Liberate Hong Kong is a simulation video game developed by Hong Kong-based activists during the 2019–2020 Hong Kong protests. The game simulates a protest environment in Hong Kong, and the protagonist is an unarmed and unnamed protester.

The game was released for Microsoft Windows and Mac OS in November 2019, and supports virtual reality devices such as Oculus Rift and HTC Vive.

==Gameplay==
Played from first-person perspective, police attack the protesters with a variety of weapons, but the protesters, being completely unarmed, cannot return fire. Playing as one of the protesters, the player must dodge police attacks and keep protesting without getting arrested. The game does not end until the player gets arrested or shot by the police.

== Development ==
Liberate Hong Kong was developed by a group of activists in under a week and takes approximately 10 minutes to play. The developers recorded chants heard and spray-painted text seen on the streets of Hong Kong.

==Reception==
South China Morning Post's Abacus described that the developers see it as part of the protest movement while then game has limited gameplay elements. Agence France-Presse analyzed that the player cannot engage in violent actions, instead discarding incoming projectiles like tear gas rounds.

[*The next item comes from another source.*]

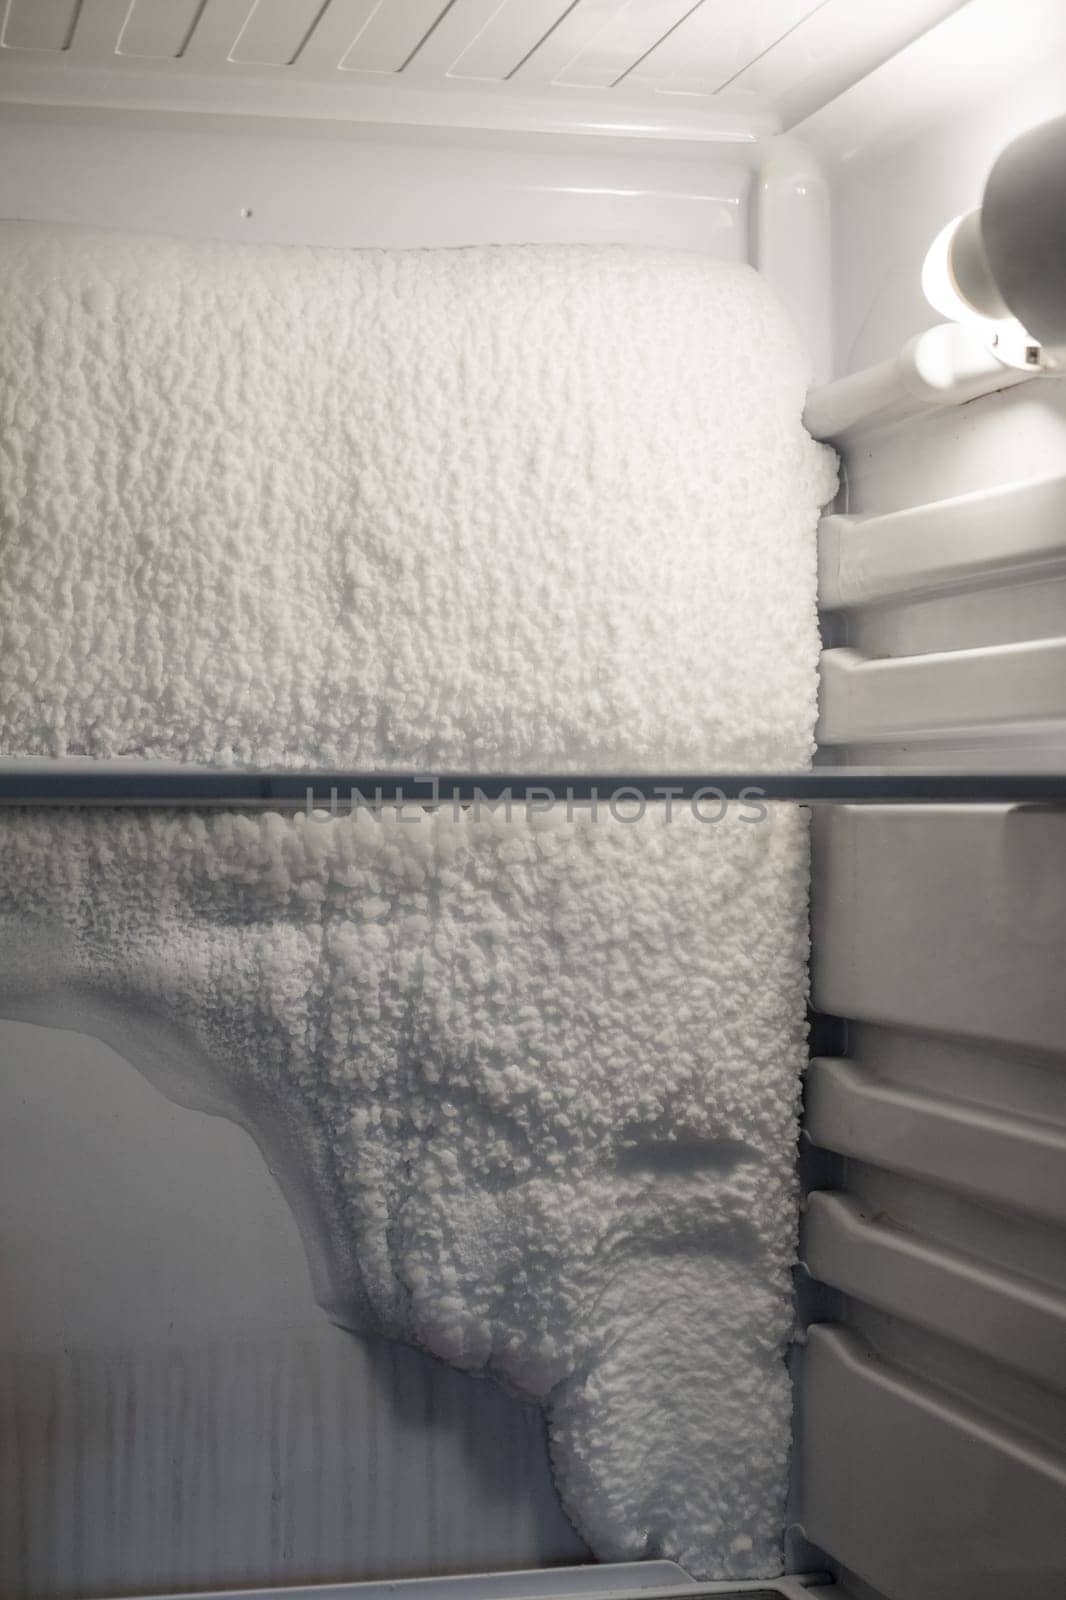 Frozen refrigerator that needs to be defrosted. by AnatoliiFoto

It was livestreamed by Hearthstone streamer Blitzchung, the subject of the Blitzchung controversy in October 2019. In December 2019, the developers wrote an open letter to game distribution service Steam, accusing the storefront of censoring the game.

In China, an anti-protestor game called Everyone Hit the Traitors was made in response, in which players could beat up protestors and their financial and political backers, such as Joshua Wong, Martin Lee, and Jimmy Lai.